Kit throws garbage for a living. Everything is disposable to him. He is disposable. Society cannot hold him because he's completely divorced from it. But he looks like James Dean. And he wants to live forever. He's got this restless energy that can't go anywhere and isn't held back by anything. Hollywood + Poverty + Will-To-Power = HERE BE MONSTERS.

Holly is a gawky school girl, no friends to speak of, completely under the thumb of her father. But Kit looks like Martin Sheen looking like James Dean. And Kit is into her! Isn't that how young love goes? The pretty boy from the wrong side of town? Romeo and Juliet? Bonnie and Clyde? No matter how surreal and horrible the reality gets, Holly clings on to those epic romantic myths. She'll faithfully follow Kit to the end, because he needs her. Isn't that what love is about?

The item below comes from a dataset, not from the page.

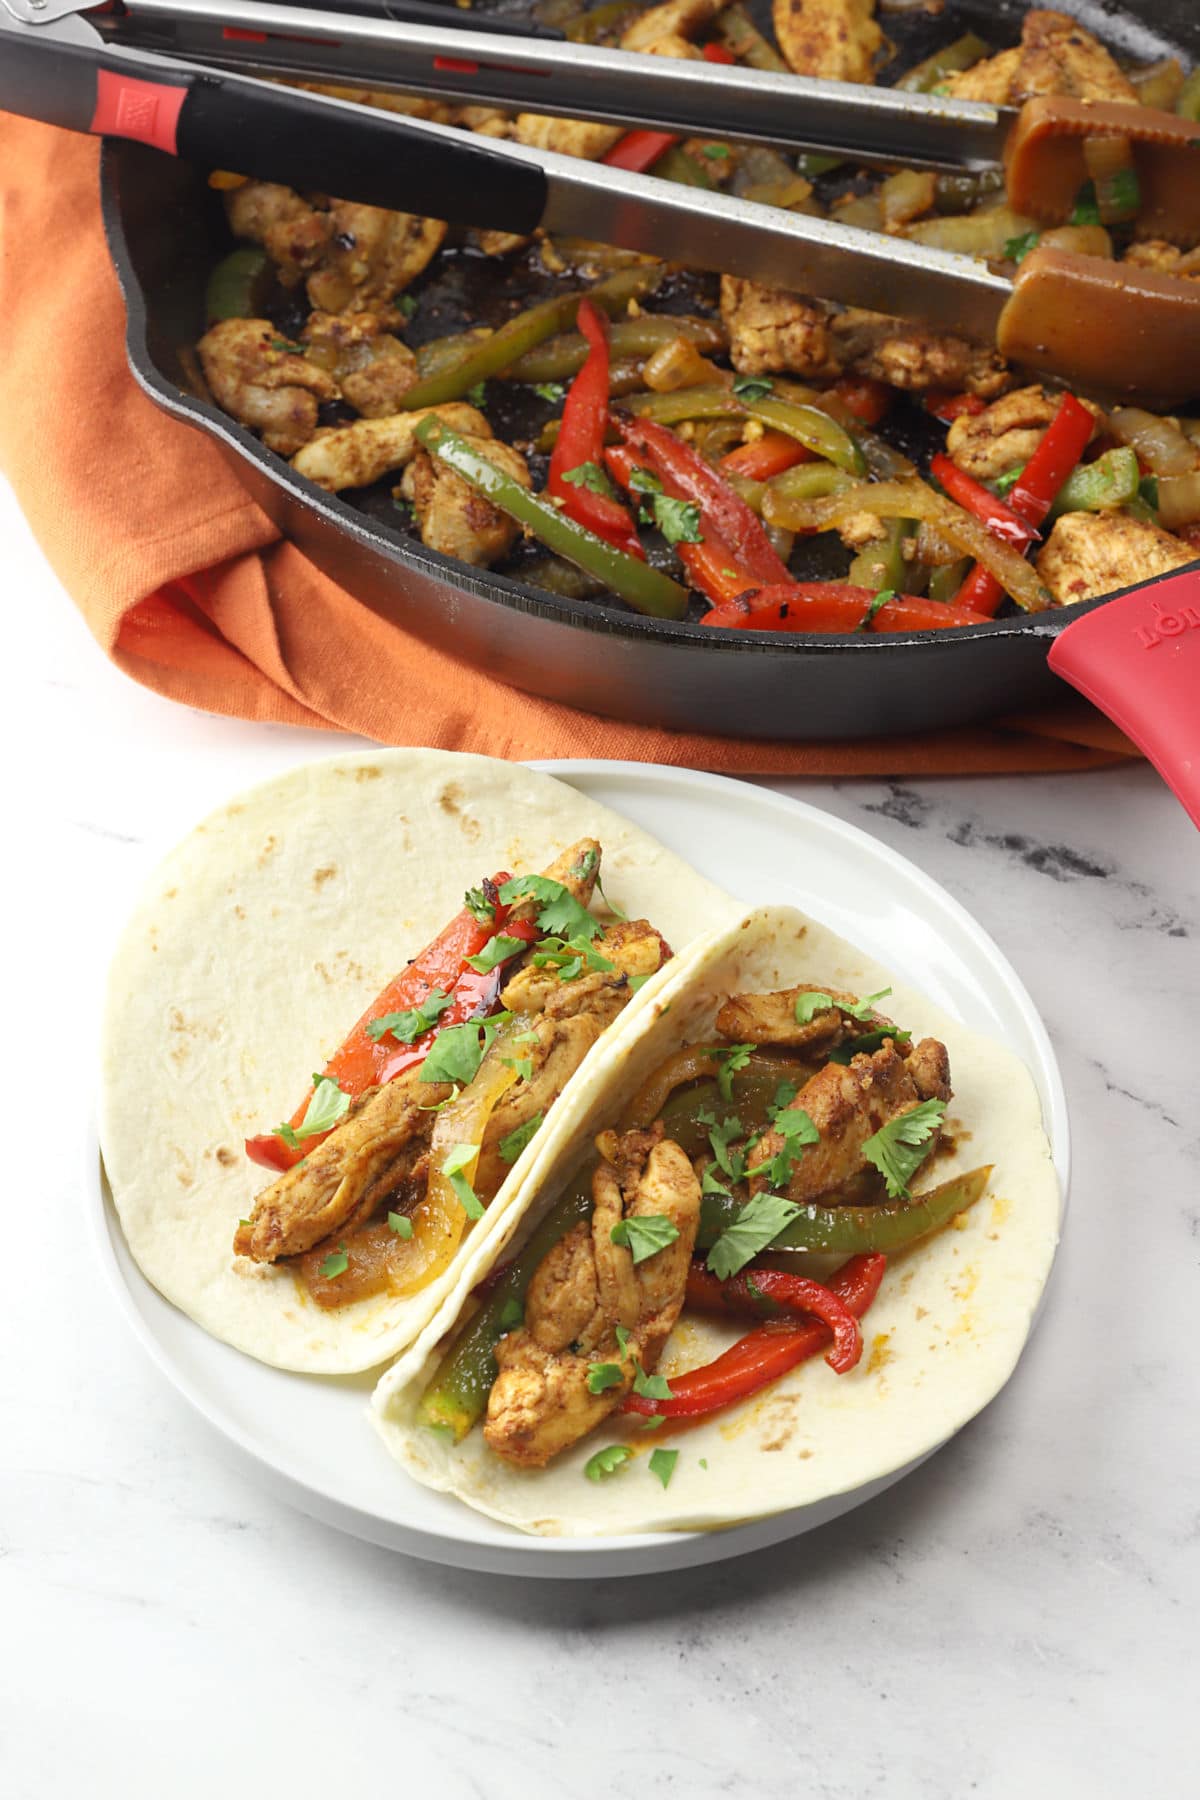 Two flour tortillas filled with cooked chicken thighs, onions, and peppers, with a cast iron skillet of fajita filling in the background.
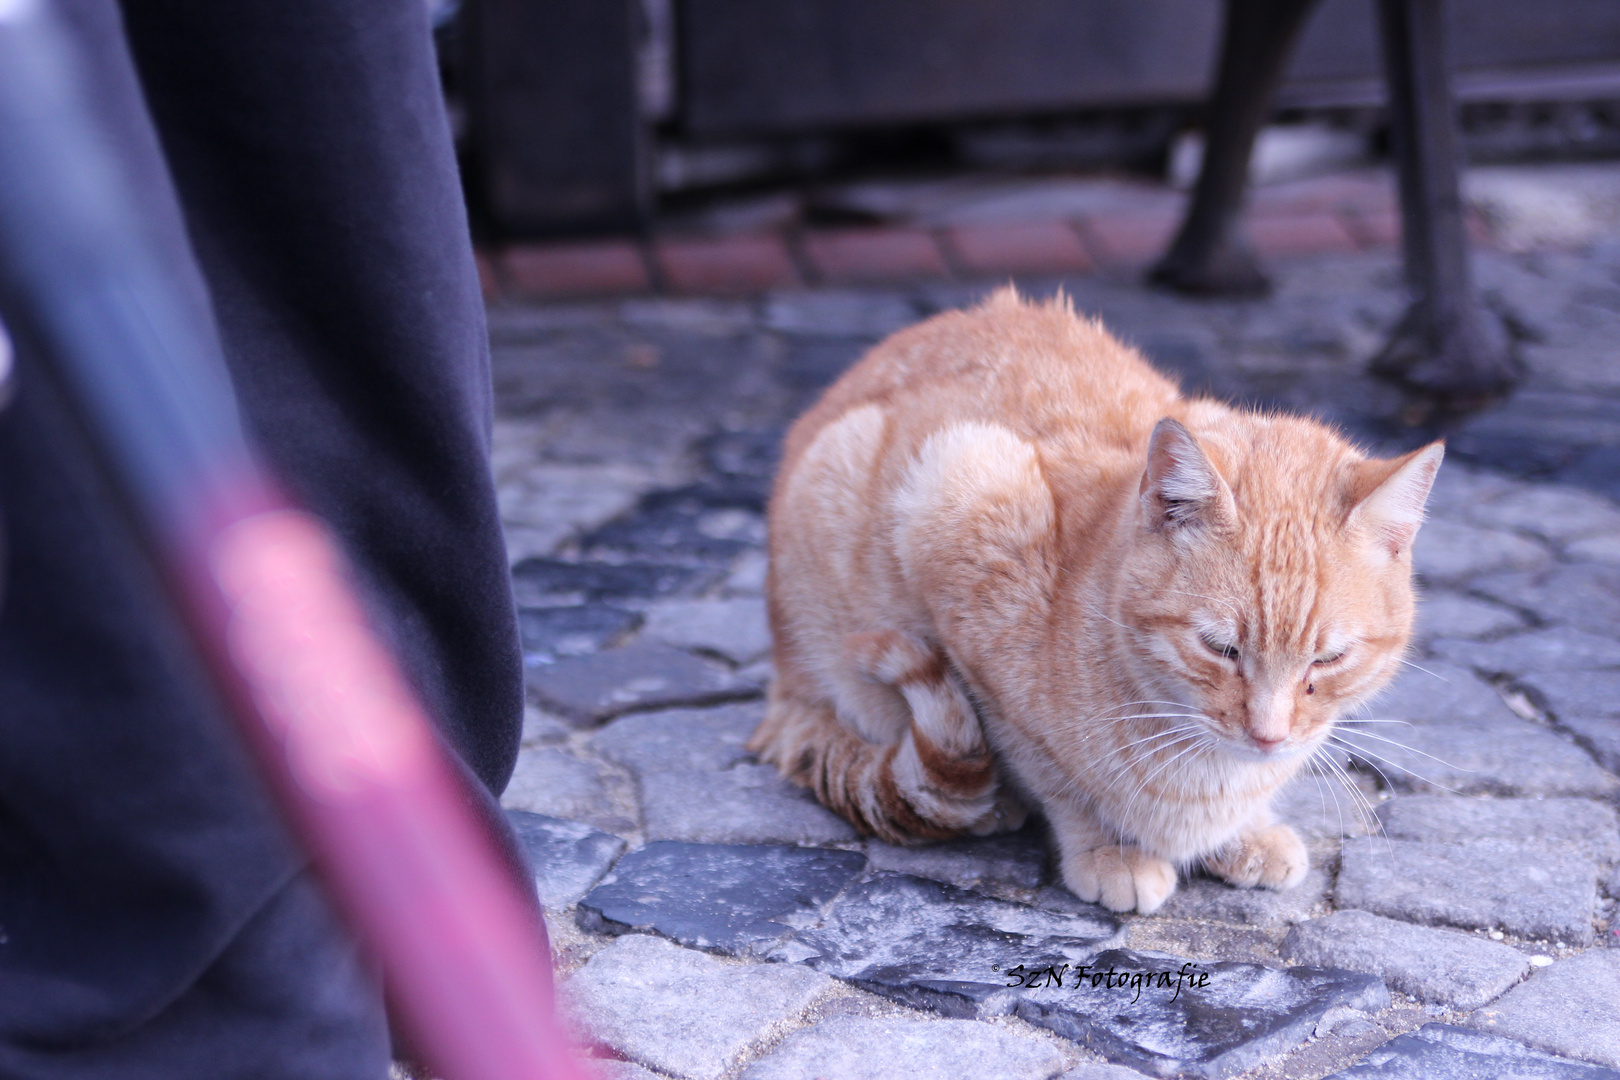 a cat in istanBooL

Both characters believe in the myths of themselves. They are kids on an adventure -- Treasure Island with Cadillacs and shotguns. Terrence Malick's innovation is in presenting their killing spree in this cool, detached haze. The events are so extraordinary that neither character really sees them.

And neither does anyone else, in the end. America gets swept up in their story, and the death toll is forgotten. Kit becomes a star, and another variant on the myths America tells itself is added to the canon.